Les risques d'Internet pour les patients
Lors du séminaire organisé par le Conseil de l'Europe, Jean Parrot est intervenu en tant que président de la FIP (Fédération internationale pharmaceutique). Voici quelques extraits de son intervention:
« Internet a permis l'extension de la vente à distance des médicaments en offrant une plate-forme mondiale de commande par voie électronique. Pratiquement, tous les médicaments peuvent être commandés sur Internet. En dehors des pharmacies en ligne dûment autorisées à pratiquer la vente à distance dans les pays où ces activités ont été encadrées, les autres offres relèvent plutôt d'activités purement commerciales et souvent frauduleuses, quand elles ne constituent pas un moyen d'écouler les contrefaçons de médicaments produites par l'entreprise. Les patients, très sollicités par des publicités de toute nature, s'exposent à recevoir des médicament contrefaits, périmés, altérés par des conditions de transports, ou encore non identifiables par l'absence d'emballage approprié. Ils s'exposent également à la non-livraison des médicaments commandés. Les offres illicites côtoient les offres licites, rendant difficiles pour les utilisateurs l'identification des services dûment habilités. A cela s'ajoute une forte hétérogénéité des réglementations en matière de vente à distance de médicaments d'un pays à l'autre. Les autorités et associations professionnelles développent quant à elles des actions d'éducation du public (chartes, recommandations, guides, labels...) visant à avertir les cyberconsommateurs des risques encourus par la commande de médicaments sur Internet et à les orienter vers des sites autorisés, quand les pharmacies en ligne sont autorisées dans le pays. La Fédération internationale pharmaceutique encourage, pour sa part, les organisations professionnelles nationales à agir massivement auprès du public en ce sens. Elle recommande également l'élaboration d'un environnement réglementaire qui encadre l'activité des e-pharmacies avec le même niveau d'exigence que pour les pharmacies physiques tant au niveau de leurs approvisionnements qu'en matière d'inspection, d'enregistrement, de labellisation et de contrôle».
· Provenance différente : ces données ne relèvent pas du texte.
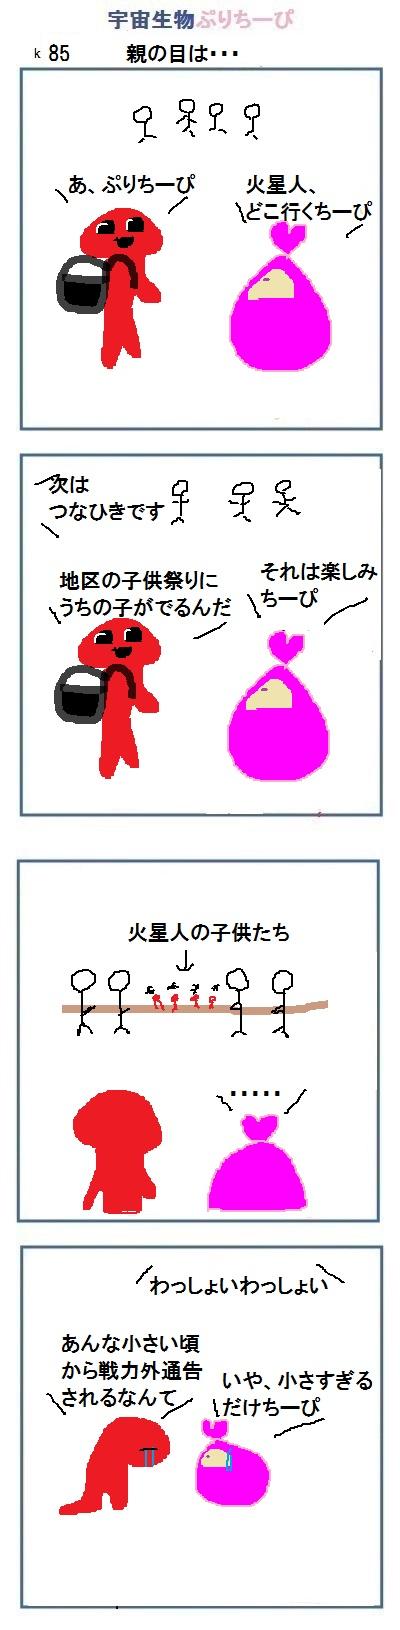 160829_k85.jpg

Le Tribunal de Grande Instance de Colmar a rendu, le 21 janvier 2010, son jugement sur l'affaire qui opposait le groupe E.LECLERC aux pharmaciens. L'enseigne a été lourdement sanctionnée pour ses publicités dénigrant les pharmaciens sous de fallacieux prétextes de défense de l'intérêt général du consommateur. Le groupe E.LECLERC a reçu l'interdiction de faire de la communication publicitaire pour promouvoir ses produits, son domaine d'activité ou son objet social, en utilisant une référence au prix des médicaments distribués en officine, sous peine de payer une amende de 10.000¤ par infraction constatée. Par ailleurs, E.LECLERC doit modifier son site Internet www.sesoignermoinscher.com et verser, à titre de dommages et intérêts, 30.000¤ à Univers Pharmacie, DirectLabo et l'UDGPO qui ont intenté ce procès.